The Baron looked the messenger in the eye for an instant, and then his face wreathed with smiles.
“My castle’s burning, eh? Ha-ha-ha!” was what he said; and then, rising hurriedly from his desk, he hastened, shouting with laughter, to the scene, where no one worked harder than he to stay the devastating course of the flames.
“You seem to be pleased,” said one who noticed his merriment.
The Baron’s answer was a blow which knocked the fellow down, and then, striking him across the shoulders with his staff, he walked away, muttering to himself:
“Pleased! Ha-ha-ha! Does ruin please anybody – tee-hee-hee! If the churls only – tee-hee! – only knew – ha-ha-ha-ha!”

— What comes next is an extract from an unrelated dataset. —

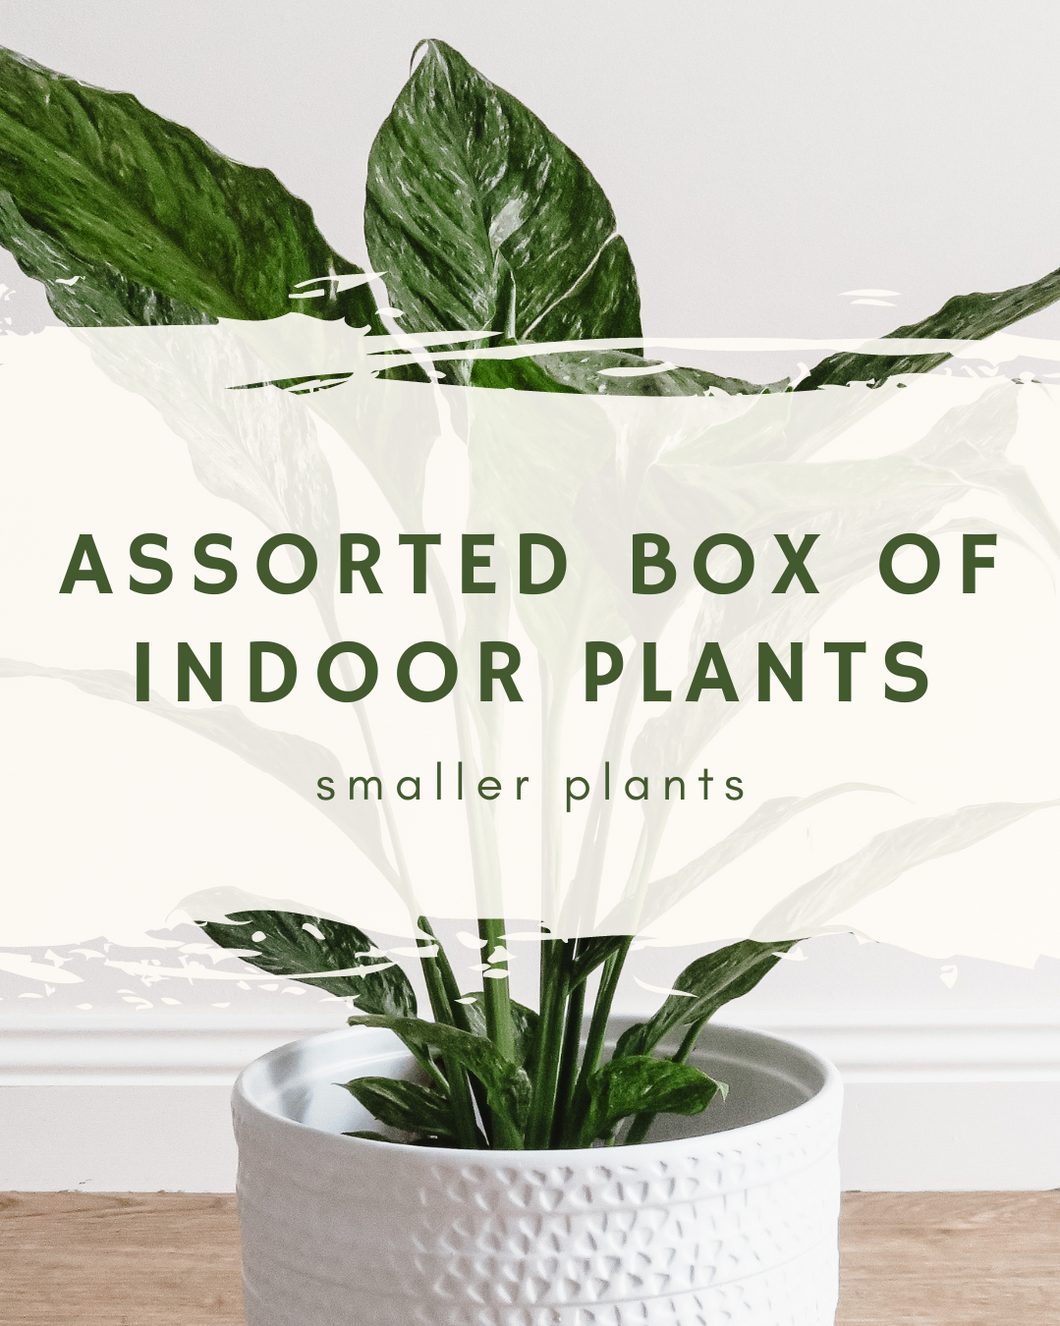 Assorted Box of Indoor Plants - smaller plants
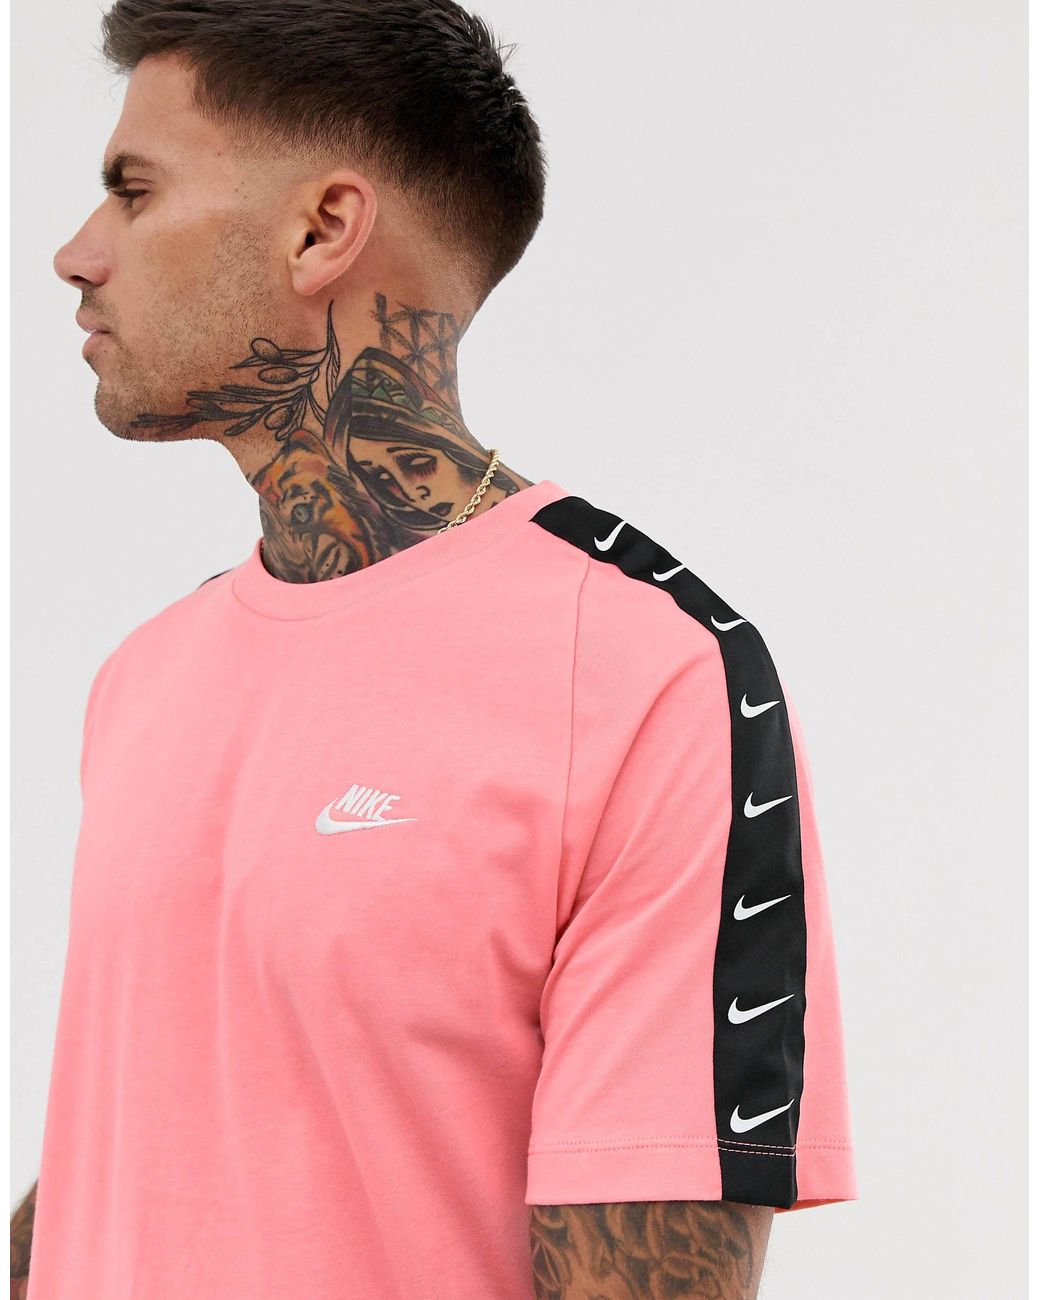 Petrify Flare hostage Camiseta rosa con cinta del logo Nike de hombre de color Rosa | Lyst

That was it! If they only knew! And no one did know until after the Baron had died without children – for he had never married – and all his possessions and papers became the property of the state. Through these papers the secret of the Baron’s laughter became known to the good people of Schnitzelhammerstein-on-the-Zugvitz, and through them it became known to me. Hans Pumpernickel himself told me the tale, and as he has risen to the exalted position of Mayor of Schnitzelhammerstein-on-the-Zugvitz, an honour conferred only on the truly good and worthy, I have no reason to doubt that the story is in every way truthful.